One thing from the NZ Electrical Regs:
If a metallic part could become energised, it shall be bonded to Earth.
I think personally, that unless you can give real Segregation, between systems, they should be Bonded together.
Just my $0.02 worth. [Linked Image]

Joined: May 2003
Posts: 2,876
e57 Offline
Where I'm at most sprinkler system piping originates from over-sized domestic water feeds, which are part of the electrode system, so in that way are bonded. I have had to bond dry stand pipes though. And un-like some other areas, (Which I have discovered here on ECN) hot water and gas well at the origin of each source. I'm waiting for the day I have to bond the sewer too.

Mark Heller
"Well - I oughta....." -Jackie Gleason
Joined: Feb 2002
Posts: 2,233
Just my 2 cents, but if I see a domestic water pipe entering a building and a fire pipe, I guess that they are bonded together somewhere outside, but I am not sure that they are. So to make a positive bond, I would bond the 2 pipe sytems together again inside of the building where you can see it. Who knows maybe the domestic water could get turned off at the street and/or the connection of the 2 pipe sytems outside of the building might fail.

Joined: Oct 2004
Posts: 265
dmattox Offline OP
The projects I work on usually have hundreds of feet of piping for the sprinklers until they get to the source (running to the PIVs then to the DC). The cold water seems to always be ran in PVC until close to the building. Even if the cold water was ran in copper it would probably be a 500-1000' loop between the two (I am not even sure if they are served by the same source). But would that distance be considered properly bonded?

Joined: Jun 2001
Posts: 642
Around here the PIV for the sprinkler is just after where the main water service to the prorerty splits into the sprinkler water feed and the domestic water service.

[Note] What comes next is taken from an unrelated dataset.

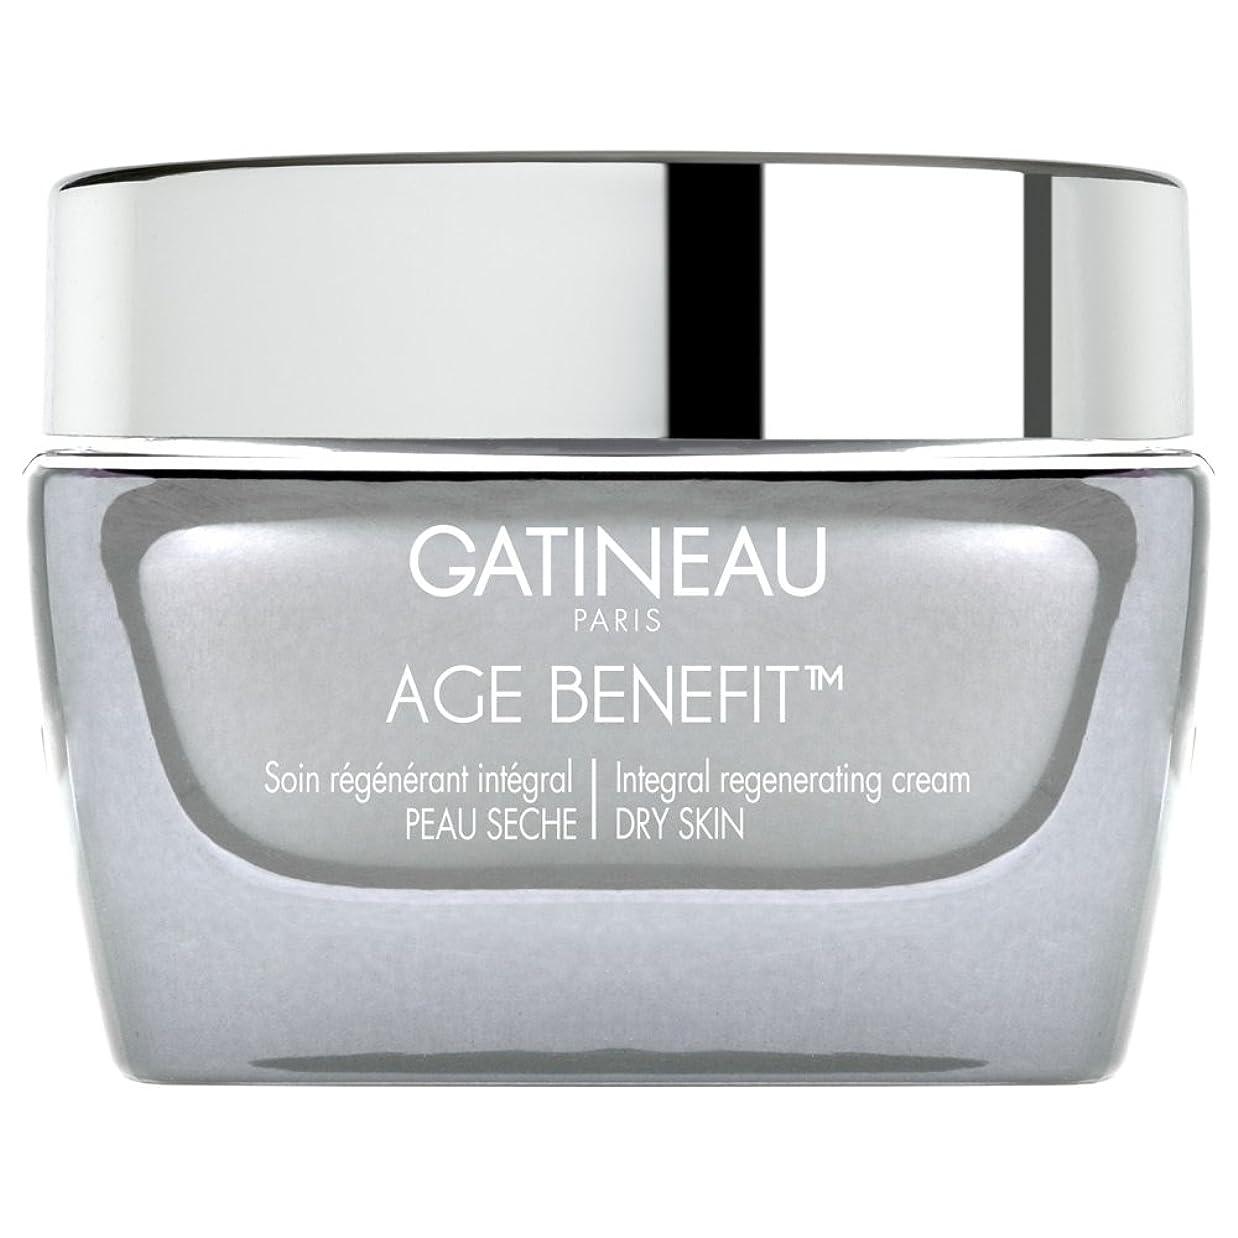 イヤホンキャプチャー処理ガティノー年齢給付再生ドライスキンクリーム、50ミリリットル (Gatineau) - Gatineau Age Benefit Regenerating Dry Skin Cream, 50ml [並行輸入品]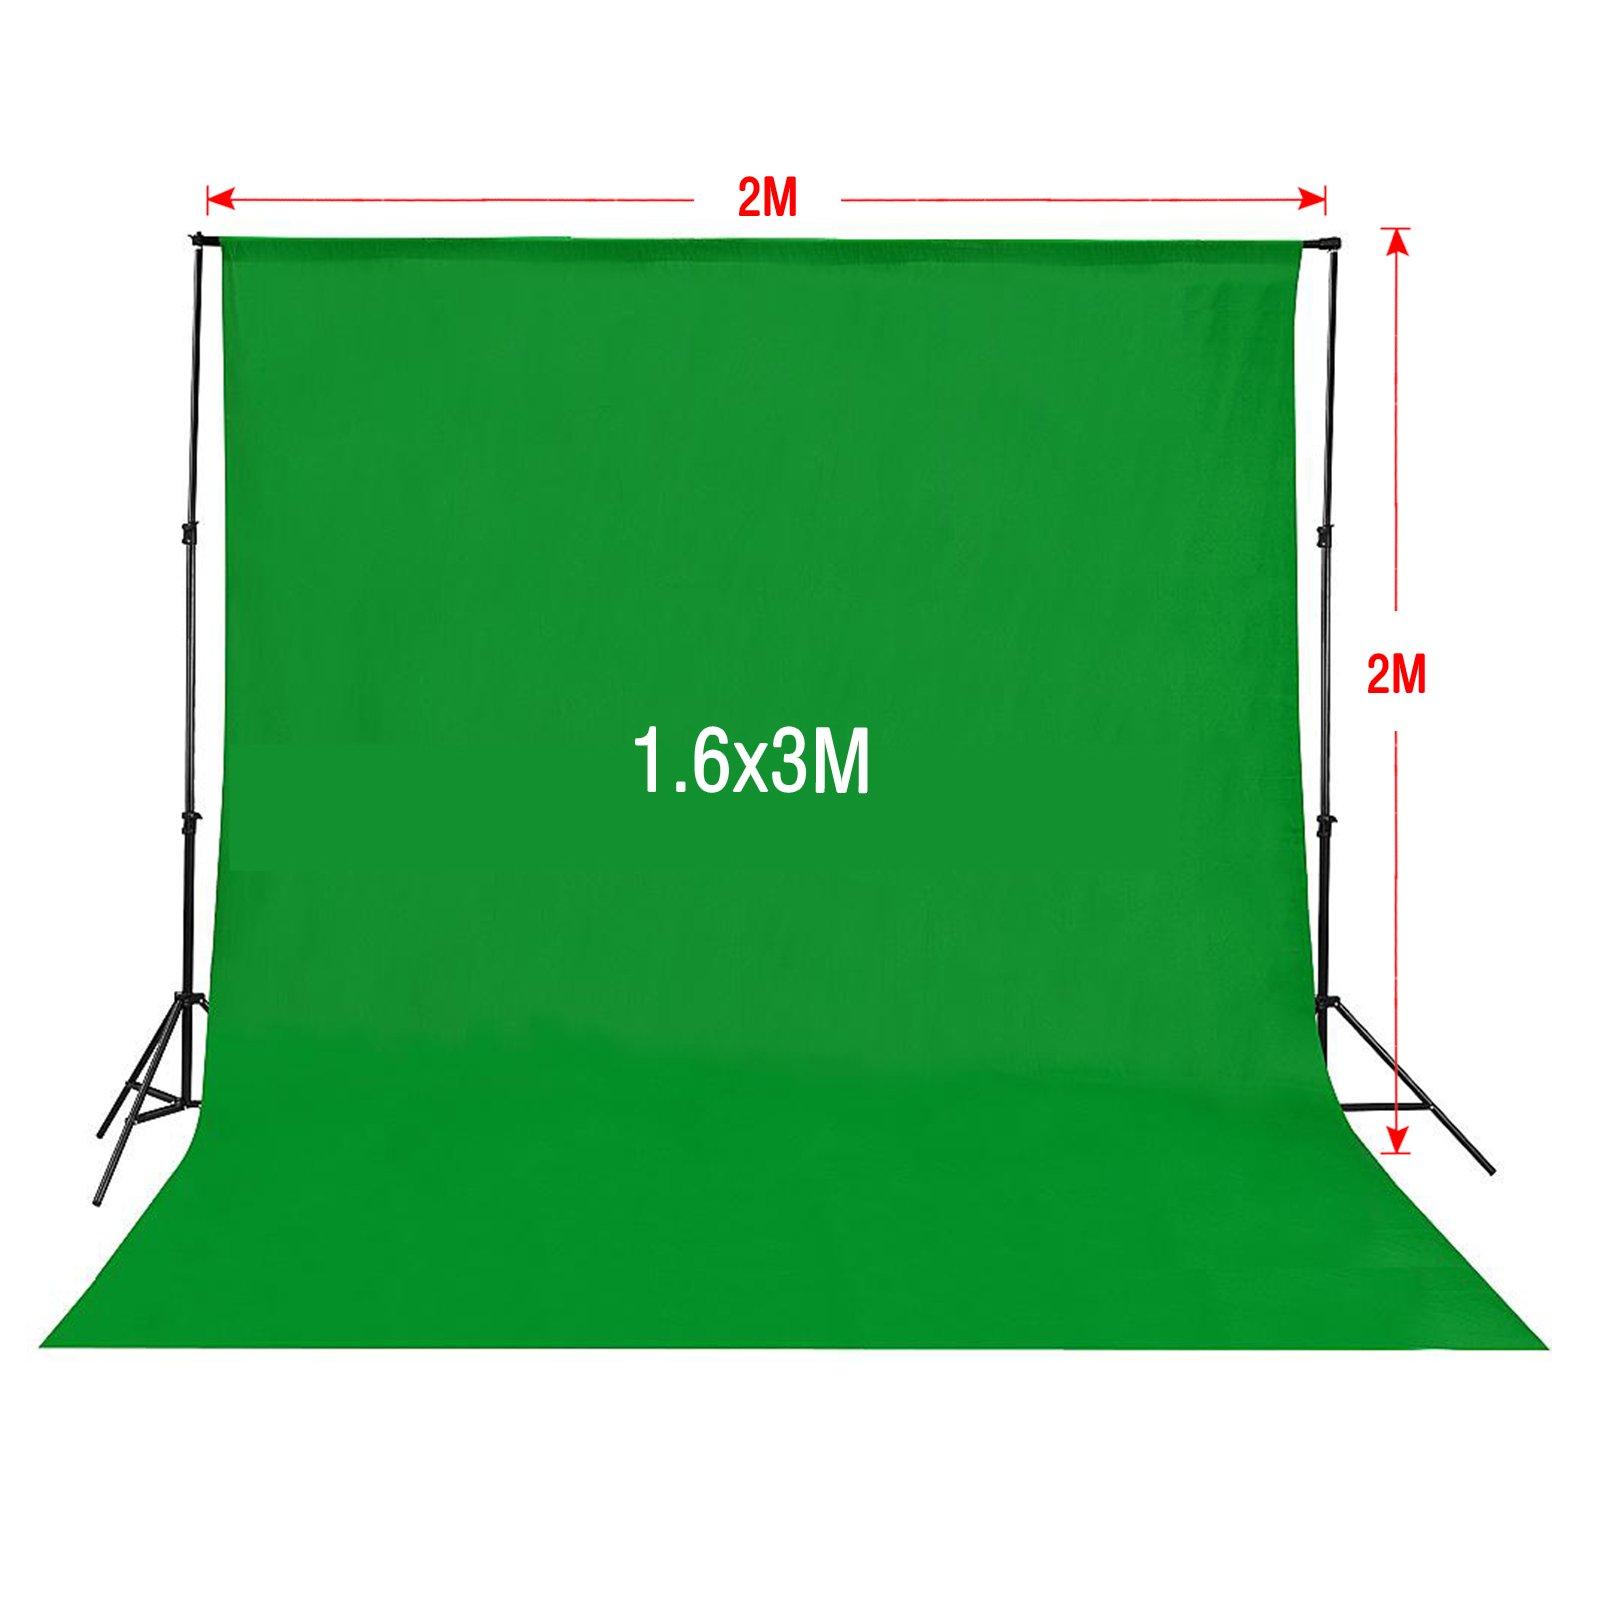 estudio fotográfico kit estudio de la iluminación Contínua 2 paraguas + blanco, verde, negro y negro + Soporte del fondo + trípode de luz + lámpara de 135 W: Amazon.es: Electrónica

We also have a plumping copper ordinance for both services. PIV typically are near a property line so distanc varies from 10 to 200 feet from the building exterior. Because of the above, bonding of the sprinkler pipes is not needed. Since anyone working with the water service has to get inspections by both the water utility and the plumbing inspectors, we do not worry very much about some clown converting the water service to plastic. Have seen the water utility shut off the water for a couple of people who tried. Water stayed shut off untill licensed plumber fixed it.